Microvessel density within the primary tumour, a measure of the degree of angiogenesis, is an independent predictor of metastatic disease in breast cancer patients (Weidner et al, 1991). COX-2 inhibitors have been shown to reduce angiogenesis in vitro (Tsujii et al, 1998) and in vivo (Masferrer 2001). Williams et al (2000), found reduced angiogenesis in Lewis lung carcinomas grown in COX-2 knockout (COX-2/) mice when compared to tumours grown in wild-type mice. Here, we show that COX-2 inhibition also decreases angiogenesis within spontaneous and experimental metastases suggesting that in addition to increasing tumour cell apoptosis these drugs exert their antimetastatic effect by also reducing angiogenesis in the metastases. Our hypothesis is further supported by studies indicating a role for COX-2 in the production of angiogenic factors by cancer cells (Tsujii et al, 1998), increased cell proliferation (Sheng et al, 1988), prevention of apoptosis (Tsujii and DuBois, 1995), increased metastatic potential (Tsujii et al, 1997) and the inhibition of immune surveillance (Huang et al, 1998).

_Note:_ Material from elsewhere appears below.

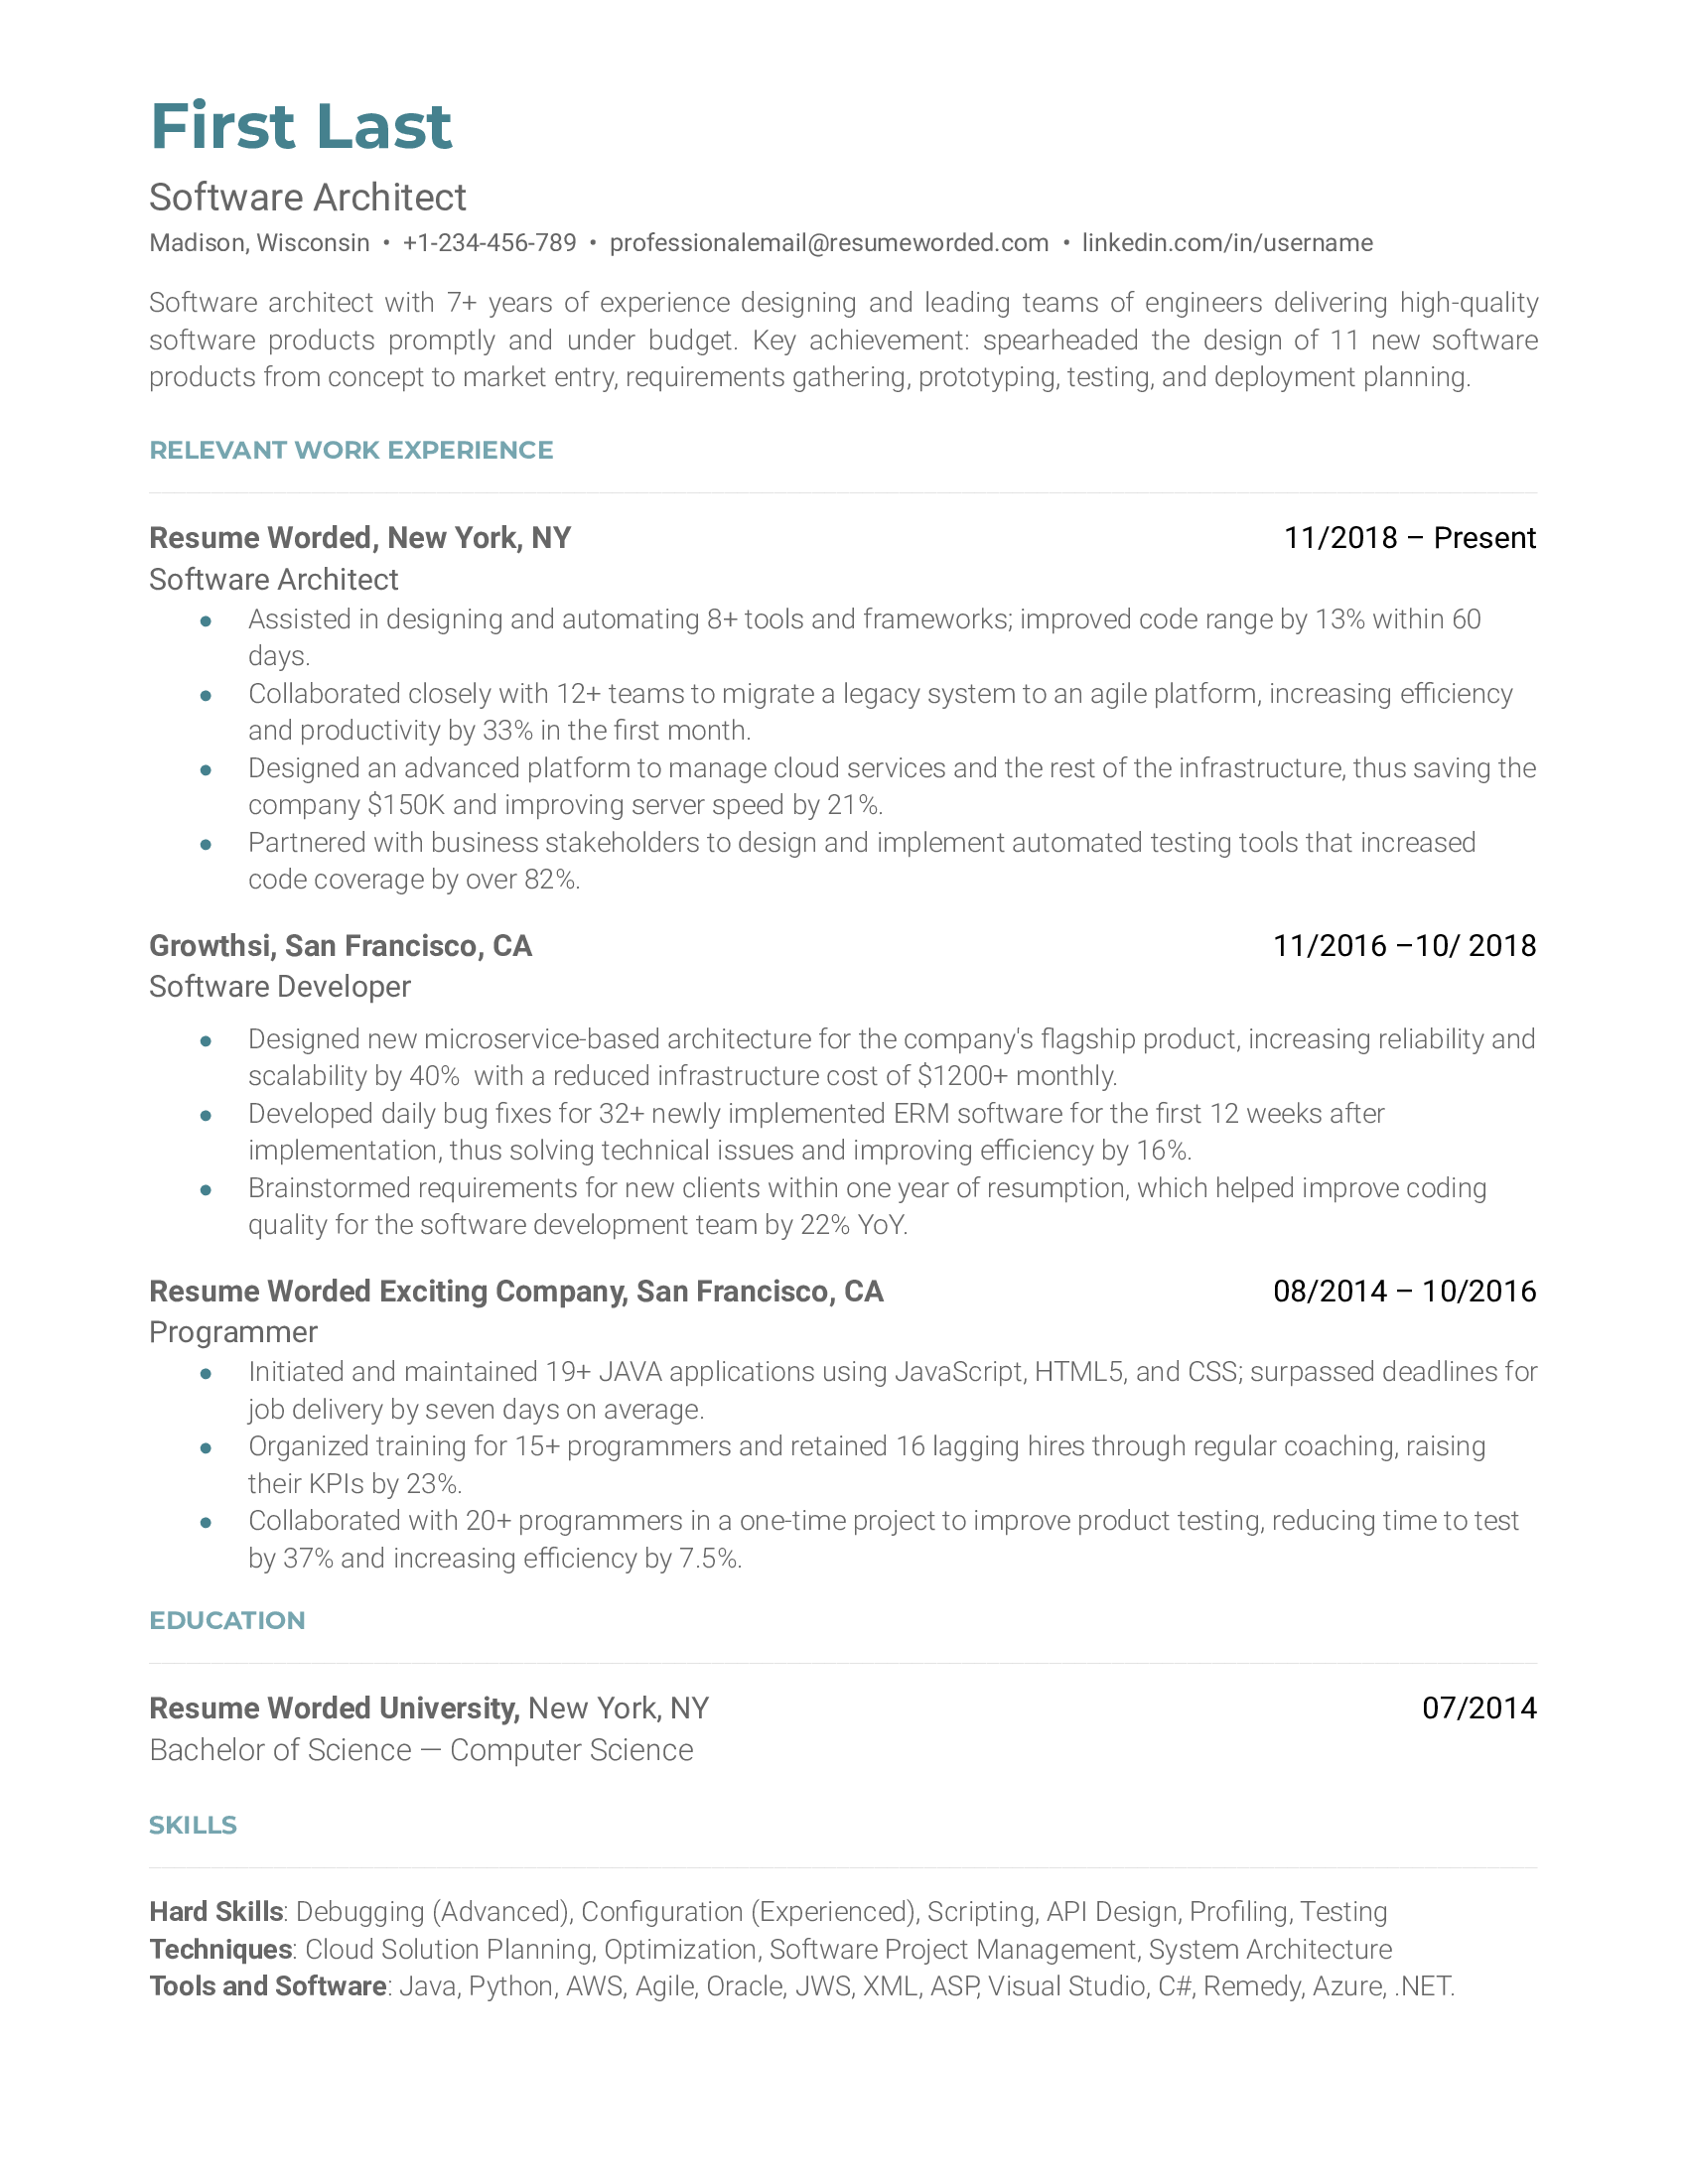 A software architect resume sample that highlights the applicant’s focused skill set and career progression.

In addition to inhibiting tumour growth via COX inhibition, it is possible that COX-2 inhibitors may also effect other target molecules. There are studies which show that NSAIDs can have COX-independent activity. First, there is no correlation between sensitivity to NSAID-induced cell death and levels of COX expression in transformed fibroblasts derived from COX-2−/−, COX-1−/−, or COX-1−/−/COX-2−/− mice (Zhang et al, 1999). In addition, NSAID derivatives without COX-inhibitory activity, such as sulindac sulphine, can inhibit chemically induced colon carcinogenesis without affecting prostaglandin levels. (Piazza et al, 1997). Moreover, high doses of NSAIDs induce apoptosis in colorectal cancer cells with no detectable COX-1 or COX-2 activity (Hanif et al, 1996; Williams et al, 2000). Several alternative targets have been proposed to explain COX-independent effects of NSAIDs. High doses of ASA (aminosalicylic acid) have been shown to antagonise the NF-κB signalling pathway (Koop and Ghosh, 1994). Peroxisome proliferator-activated receptors (PPARs) are ligand-inducible transcription factors, which belong to the nuclear hormone receptor superfamily. Three different isoforms, PPARα, δ and γ have been identified in humans, each with a different pattern of expression. Fatty acids and certain fatty acid metabolites have been suggested as endogenous ligands for these receptors. Indomethacin can bind to, and induce transcriptional activity of PPARα and γ isoforms, and PPARδ is a target for sulindac (Lehmann et al, 1997; He et al, 1999). Finally, NSAIDs decrease levels of the antiapoptotic protein, Bcl-XL (Zhang et al, 2000). In general, COX-independent effects of NSAIDs require higher concentrations than COX-dependent effects. The concentration of Celecoxib, required to induce apoptosis in vitro is in the 50–100 μ M range (Williams et al, 2000a). This is 10–200-fold higher than serum concentrations required to inhibit tumour growth in mouse models for colorectal and breast cancer (Jacoby et al, 2000; Williams et al, 2000a). At low concentrations, the best-characterised targets of NSAIDs remain the COX enzymes. (Gupta and Dubois, 2001).

In summary, we have clearly demonstrated that COX-2 inhibitors have a potent antimetastatic effect increasing apoptosis and decreasing angiogenesis within both spontaneous and experimental metastases. The selective COX-2 inhibitors are in everyday clinical use, cheap and with a known side effect-profile. Our data suggest that COX-2 inhibitors may have clinical utility in the management of metastatic disease especially in the perioperative period.